The Church of St. Vincent in Škaljari is a representative, 19th-century ecclesiastical building, commissioned by Trifun Ziffra and a listed cultural property. The church was part of the Ziffra family’s residential complex, including the now-dilapidated summer house, as well as a long, canopied alley that formerly connected the house, church and gardens with the seashore. The only structure preserved in the complex is the church itself, currently in deteriorated state.
The main façade of the church was constructed in regular courses of Korčula limestone and decorated with Gothic windows, a stone rose window and an entrance portal with a lavish bas-relief. In addition to these openings that are assumed to originate from an earlier sacred building, the main façade’s significance also lies in the presence of a spolium in the shape of a symbol associated with the Flagellant brotherhood of St. Cross.
The church interior is divided into three vaulted bays by sets of pilasters and arches. The remains of a tomb in front of the altar area, original paving of Đurići limestone arranged in a diagonal chess field, the remains of a choir gallery and of an altar with a stone partition fence are also noteworthy. A lavish marble altar with four angel sculptures used to represent the most significant interior element, formerly brought from the Church of Our Lady of Angel in the Old Town of Kotor, once the church was no longer in use. Today the altar is kept in the Church of St. Nicholas in Perast.

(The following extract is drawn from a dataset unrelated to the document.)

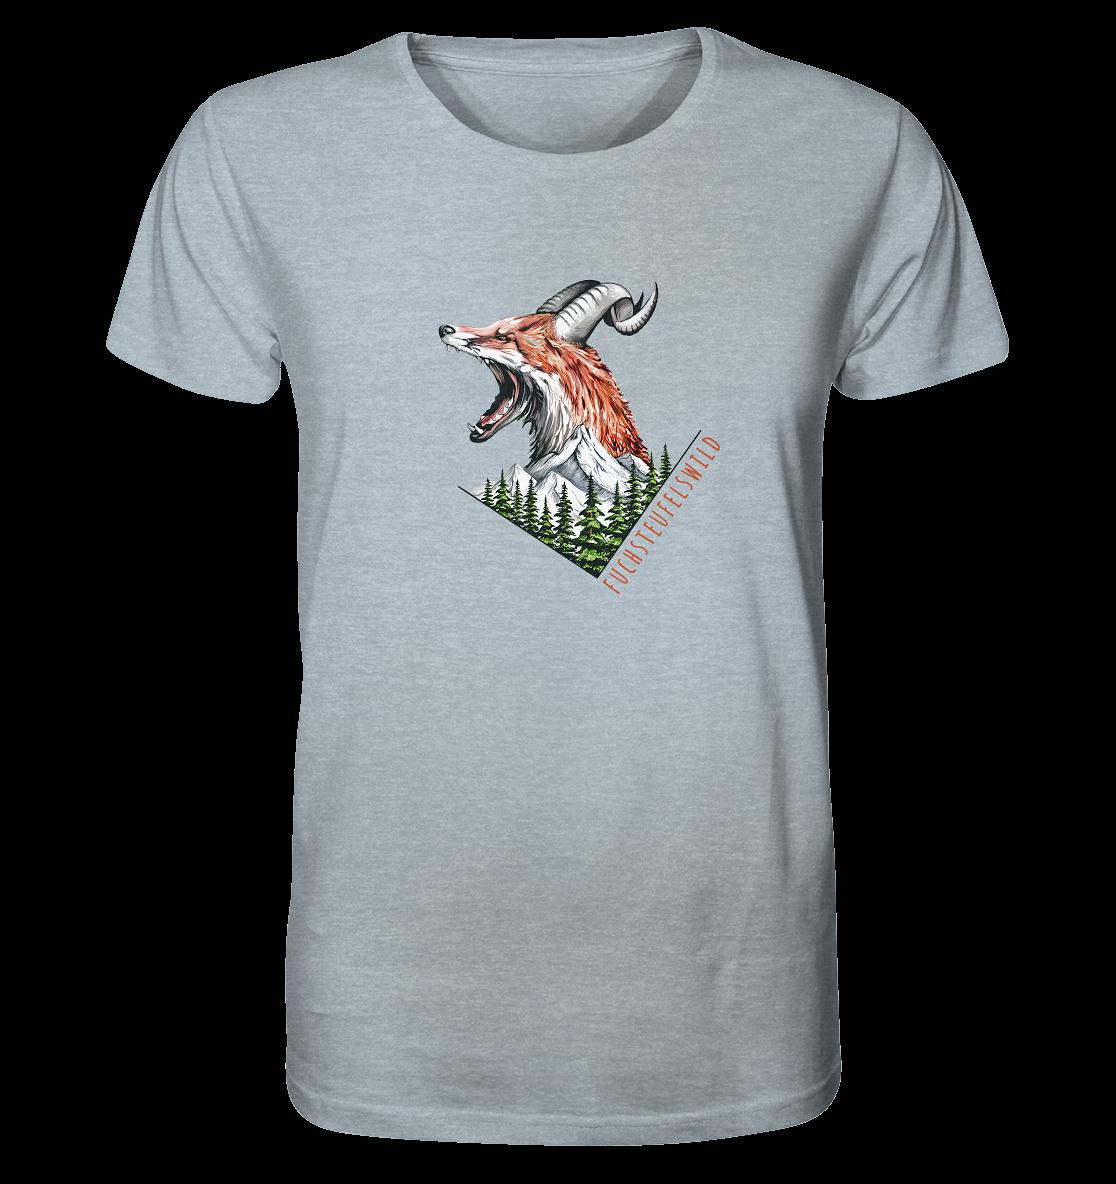 front-organic-shirt-meliert-adbfcb-1116x-1.png
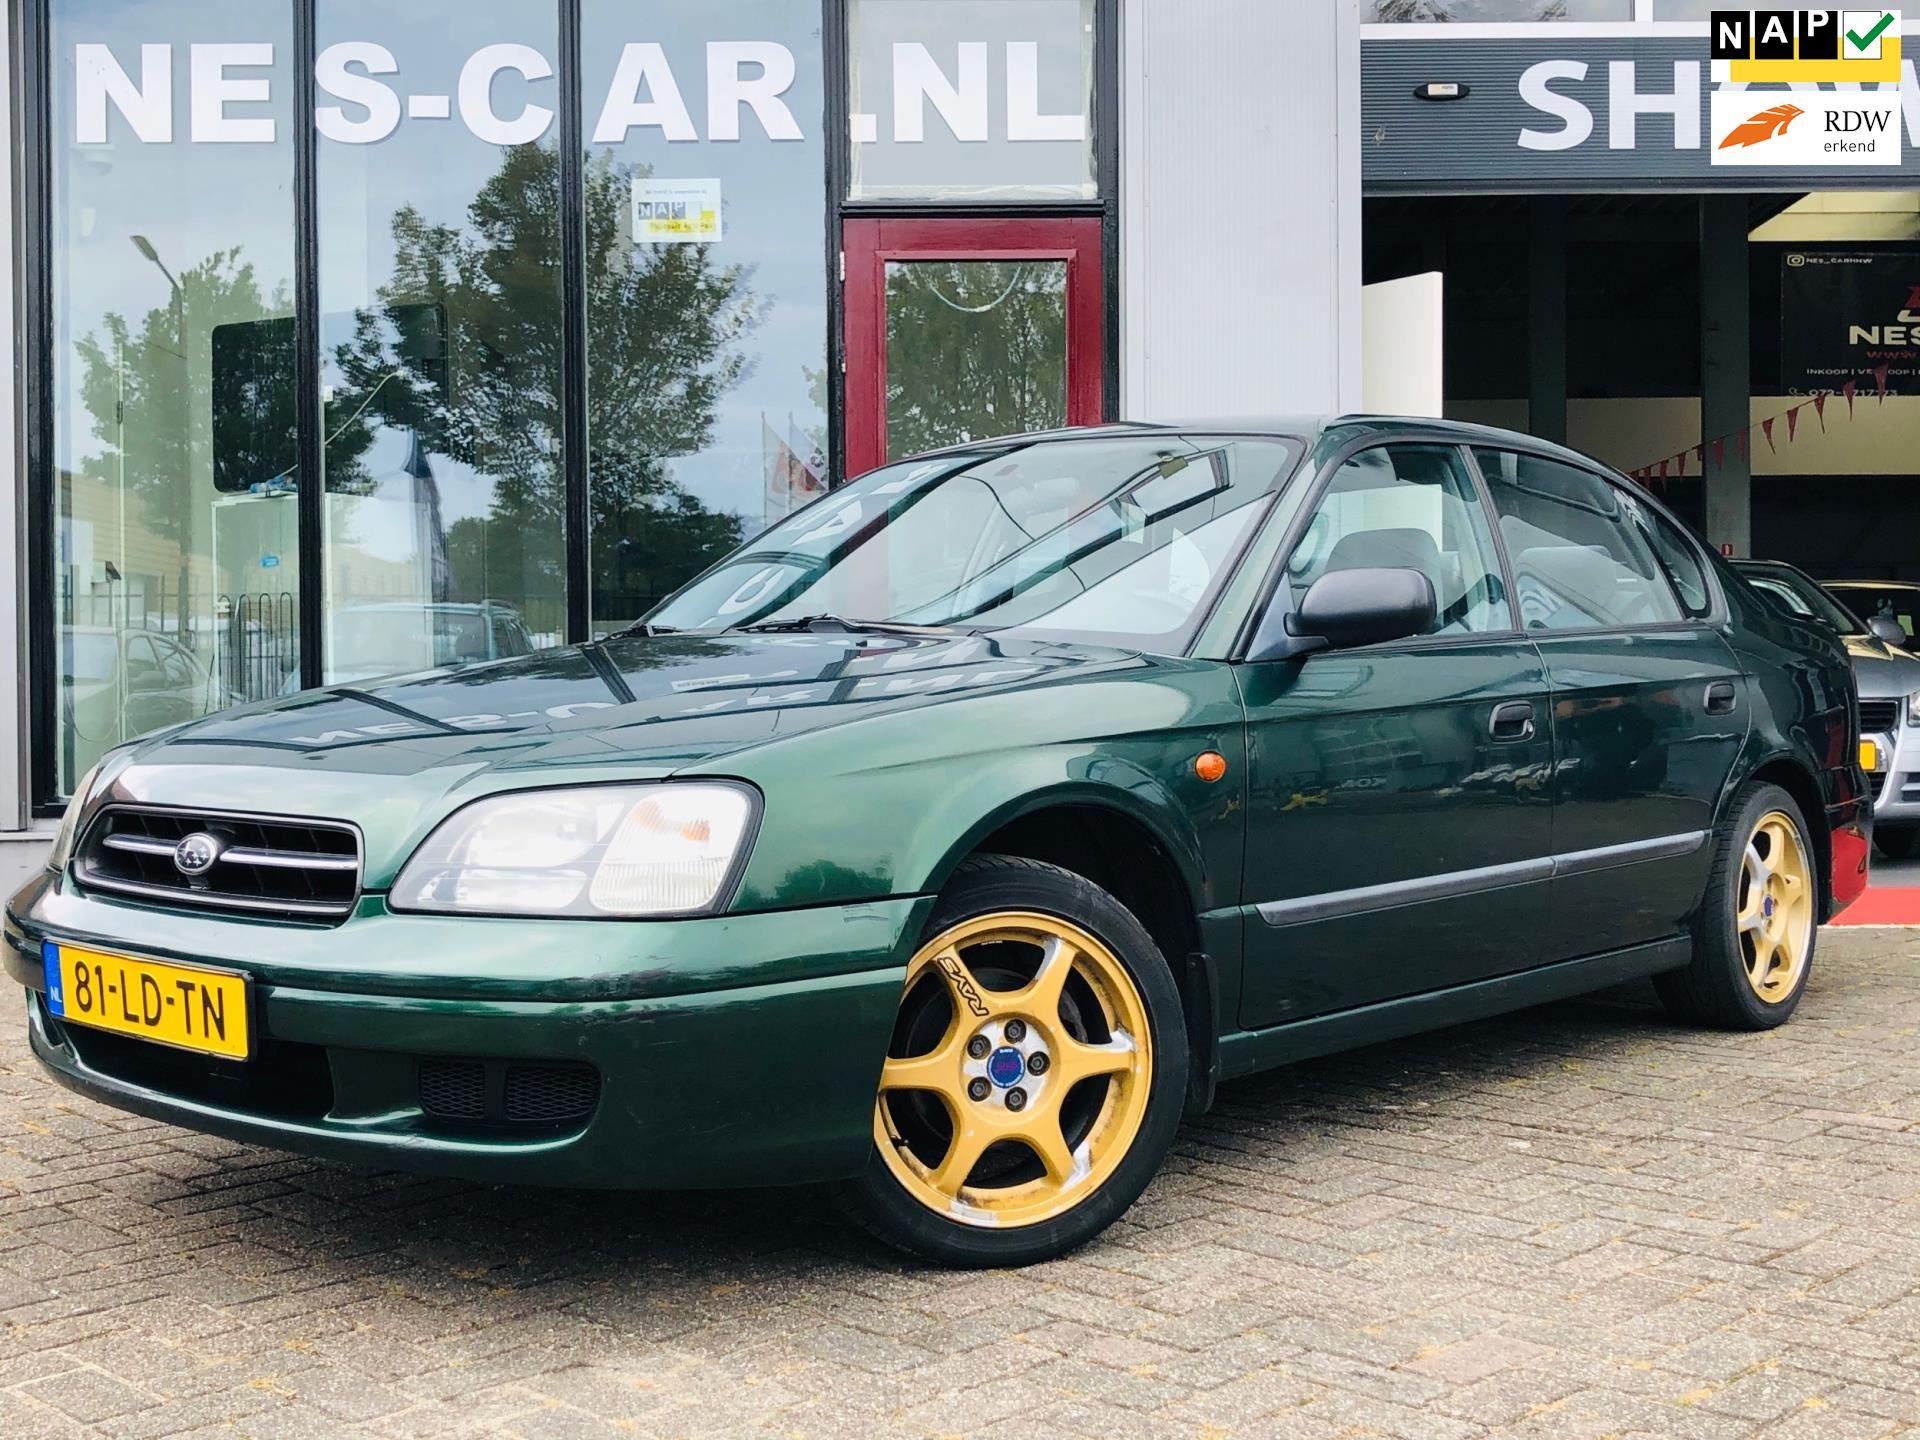 Subaru Legacy occasion - Nescar

Despite substantial damage that arose during the 1979 earthquake, the main body of the building has been preserved, but remains statically endangered. During 2019 and 2020, PROJEKTOR carried out archival and architectural research on the church and the residential complex of the Ziffra family, on the basis of which a conservation project has been executed for the reconstruction of the building. The proposed interventions have been separated into two phases, with the first phase putting forward an immediate intervention aiming at preventing further degradation and collapse of the church, and the second phase featuring the complete reconstruction and restoration of lost building elements.
The proposed conservation measures concern reinforcement of foundations, reconstruction of arches and vaults, restoration of stone and plastered surfaces, reconstruction of the choir gallery and the altar, as well as the landscaping of the entrance plateau and the church environs.